### Work required
Once you find the line with "Wien, Österreich - 14." in the data below, transcribe exactly each line from there to the line with "Укрепляющий шампунь с", inclusive, and nothing else. Drop the pictures.

*** Data records Section Begins ***

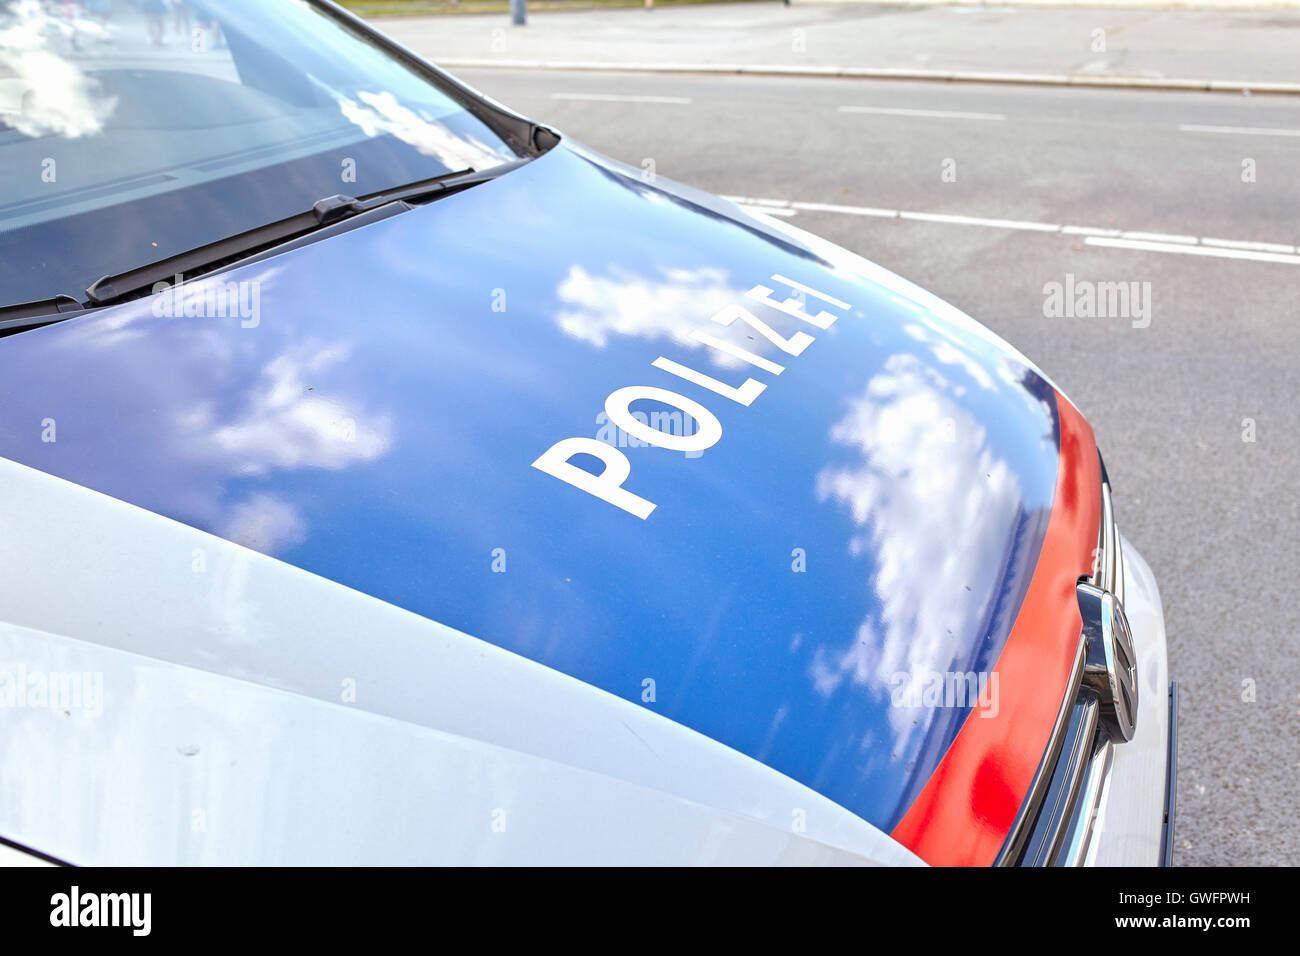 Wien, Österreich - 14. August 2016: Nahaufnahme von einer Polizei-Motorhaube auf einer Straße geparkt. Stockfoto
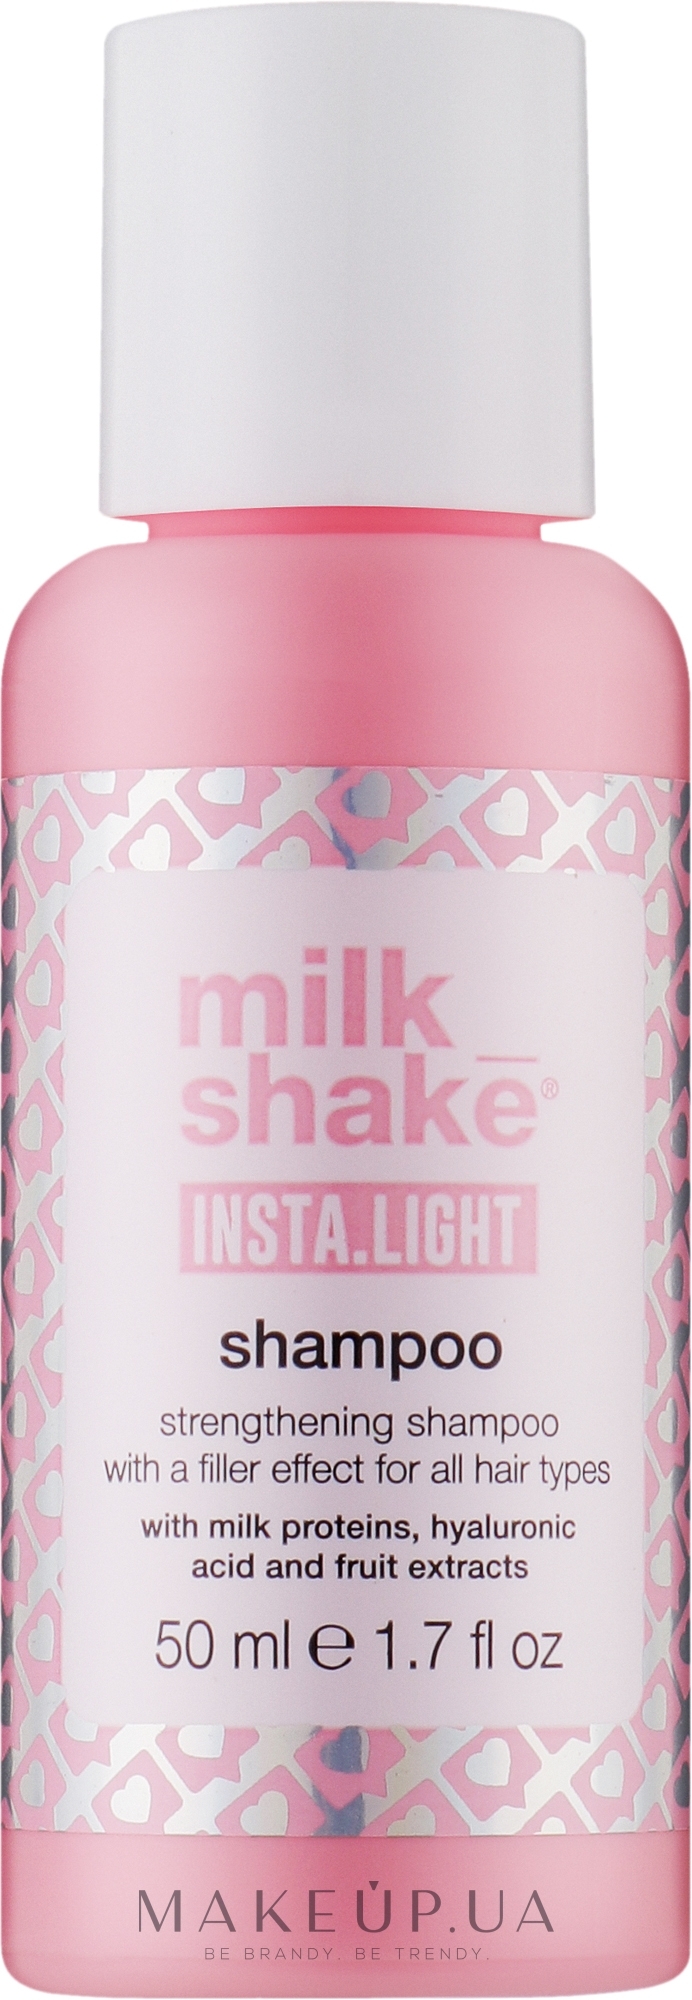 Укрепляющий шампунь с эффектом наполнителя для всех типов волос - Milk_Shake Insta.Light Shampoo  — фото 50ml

*** Data records Section Ends ***
*** Data records Section Begins ***

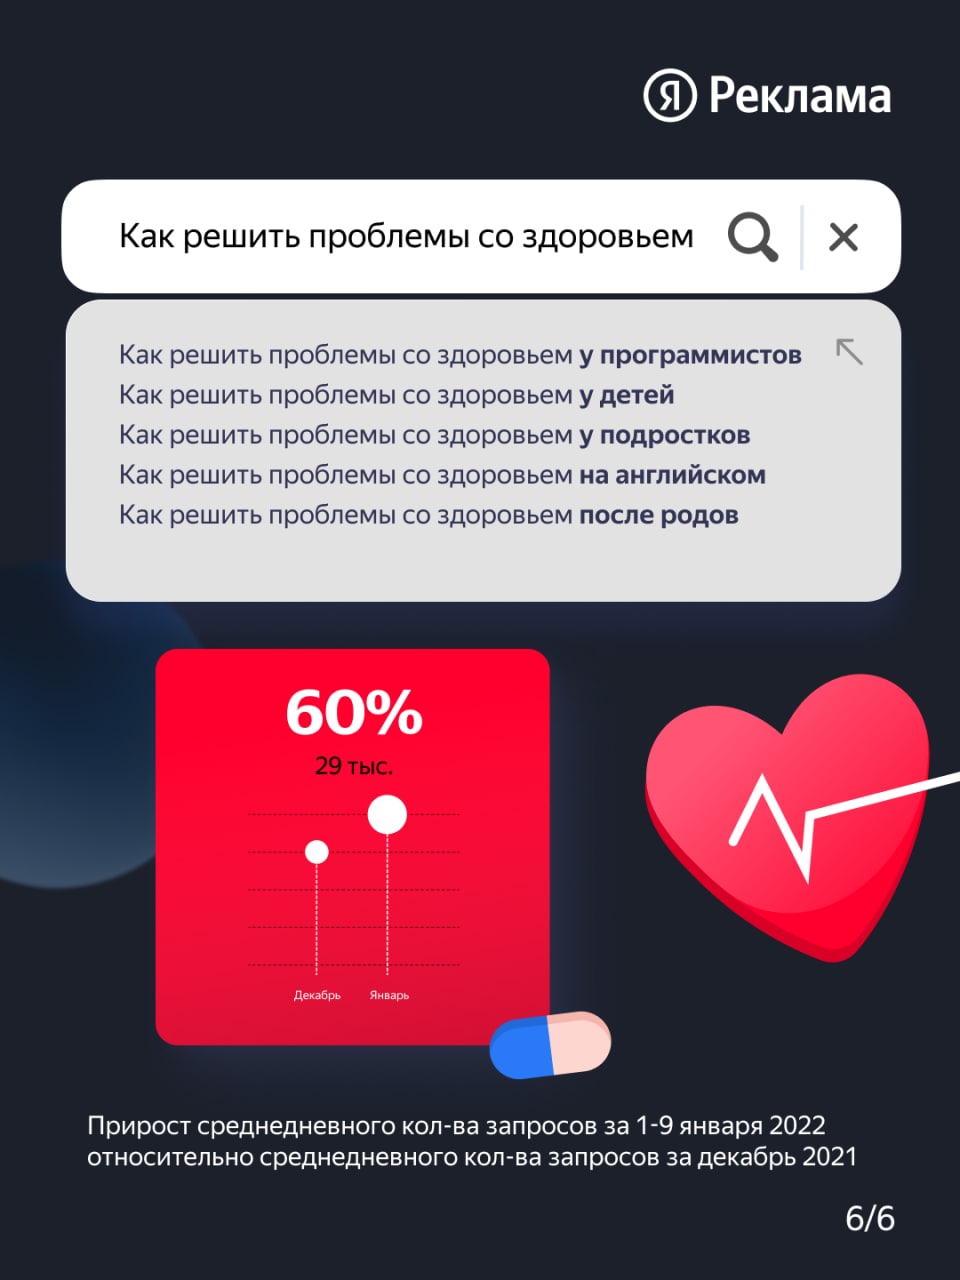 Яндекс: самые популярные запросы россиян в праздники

*** Data records Section Ends ***

### Response area
 Wien, Österreich - 14. August 2016: Nahaufnahme von einer Polizei-Motorhaube auf einer Straße geparkt. Stockfoto
 Укрепляющий шампунь с эффектом наполнителя для всех типов волос - Milk_Shake Insta.Light Shampoo  — фото 50ml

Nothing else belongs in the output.